Introduction | Lightning VS Lightning: Watchtower Mode (below): Business Model

business model

The Watchtower can choose different strategies to monetize its services. These strategies have some advantages and disadvantages:

Watchtower business model Scalability Privacy user experience feasibility
1 Altruistic watchtower difference uncertain it is good Not feasible
2 Reward by fraud prevention difference Strong it is good Not feasible
3 Charge a one-time fee for each status update difference Strong medium Not feasible
4 Monthly fee or annual fee member medium weak difference feasible
5 Charge a fee for each status update it is good weak difference feasible
6 Charge a fee for the amount of bandwidth it is good weak difference feasible
7 A one-time fee based on the storage duration of a status update it is good uncertain difference feasible

If you tend to resort to authority, then read it here, but if you want to find the truth yourself and possibly challenge my point of view, then read on, because now I will explain the results of each model.

Side note: There is a common misconception that "user experience and privacy can be easily improved over time," so be aware that the poor user experience and privacy mentioned above does not mean that only The initial stage refers to mature products that have been extensively developed. The root cause of poor user experience and privacy is not the implementation, but the model itself. A good user experience needs to be able to compete with centralized electronic payment methods such as Visa, Paypal, WeChat, Alipay, PayTM, etc., and high privacy needs to be able to provide privacy comparable to cash.

1. Altruism watchtower (without any compensation)

Loalu "roasbeef" Osuntokun, chief technology officer of Lightning Network Labs, said the current goal is to "build a foundation system without any compensation." This is the easiest way, but due to the high operating costs of the Watch Tower (especially the privacy-oriented watch tower), this approach will fail globally.

Accountability

It is unclear how to solve the issue of irresponsibility without economic incentives, because even if the tower is economically not dependent on its reputation, even a reputation-based system will not work properly.

Scalability

You can argue that one billion different status updates will not take up too much space. This is true, but the privacy-oriented watch tower database will gradually grow , and its corresponding bandwidth demand will also increase, so altruism The watch tower will eventually be unable to bear the volume of transactions generated by the system.

In addition, this model is also vulnerable to spam trading attacks.

privacy

A malicious watch tower may offer a free service, and then sell the collected data to others at a high price, which will bring great privacy risks. Of course, developers will say that because the data is encrypted, this behavior has no effect, but it is obviously overstated because the opponent will get a lot of information from it:

  • Time per transaction
  • Trading frequency and total transaction amount

It is also possible to get:

  • All transactions associated with a particular channel (RDN)
  • All transactions made on the same channel or account (Lto's eltoo & RDN)
  • IP address (most laymen do not use anonymizer unless the anonymizer is built into the client and is the default; in addition, don't forget that in many areas under review, VPNS or even Tor bridges are generally not working.

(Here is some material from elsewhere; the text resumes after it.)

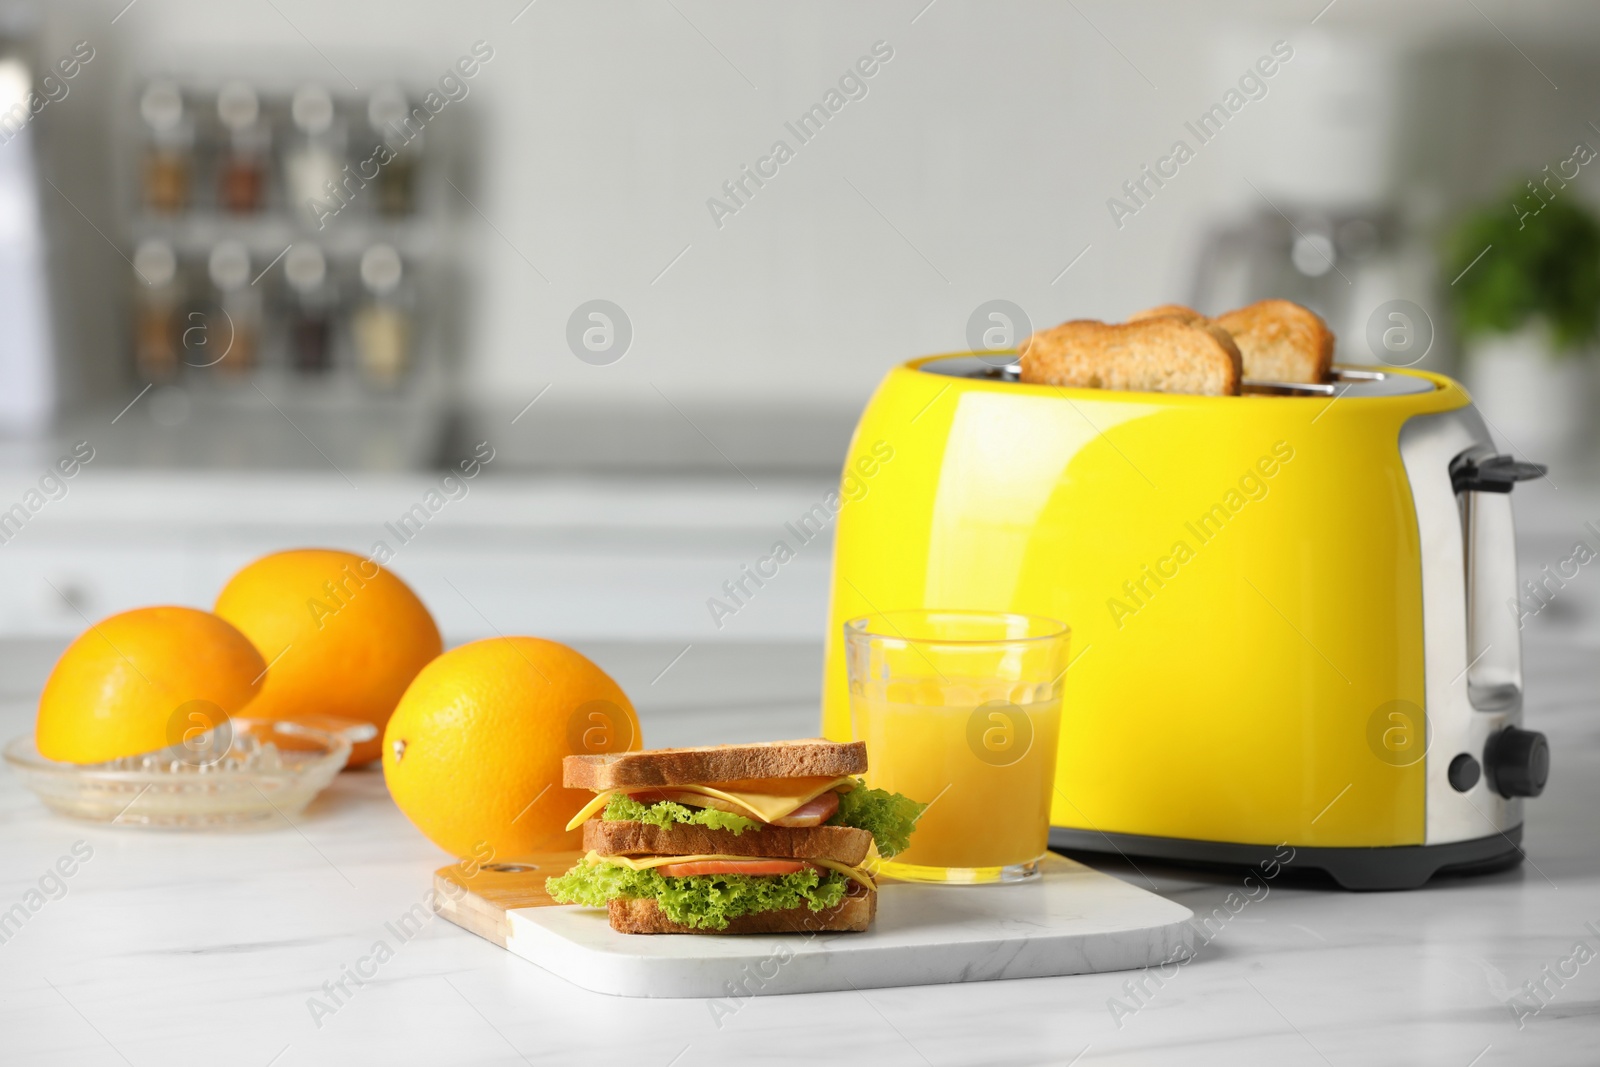 Photo of Yellow toaster with roasted bread slices, sandwich, oranges and juice on white marble table

In particular, in the past few years, due to the rise of authoritarian governments, censorship techniques have been expanded on a large scale in developing countries.)
  • Estimate the transaction destination address by traffic correlation

Some entities are able to perform traffic analysis on the Tor network, so they will definitely try to perform similar analysis on the tower data, trying to anonymize specific users (think how much money is spent on financial regulation today).

user experience

Since the user does not need to perform any additional operations, the overall user experience is good.

in conclusion:

  • Scalability: Difficulties
  • Privacy: Uncertain
  • User experience: good
  • Feasibility: not feasible

 

2. Get rewards when you stop fraud

Whenever the watch tower successfully broadcasts the penalty transaction on behalf of the user, the user gives the watch tower a certain amount of compensation.

Accountability

It is very important that the Watchtower is economically motivated to broadcast a penalty transaction (in the RDN model it is to stop malicious settlement). However, unless there is a very poor user experience, a very complex reputation system or a certain type of margin system, the watch tower will not lose even if it does not stop the fraud attempt.

Scalability

Unfortunately, this business model has fundamental flaws, because in order to ensure that the tower can exist, fraudulent transactions need to occur frequently enough to support the operational costs of the tower.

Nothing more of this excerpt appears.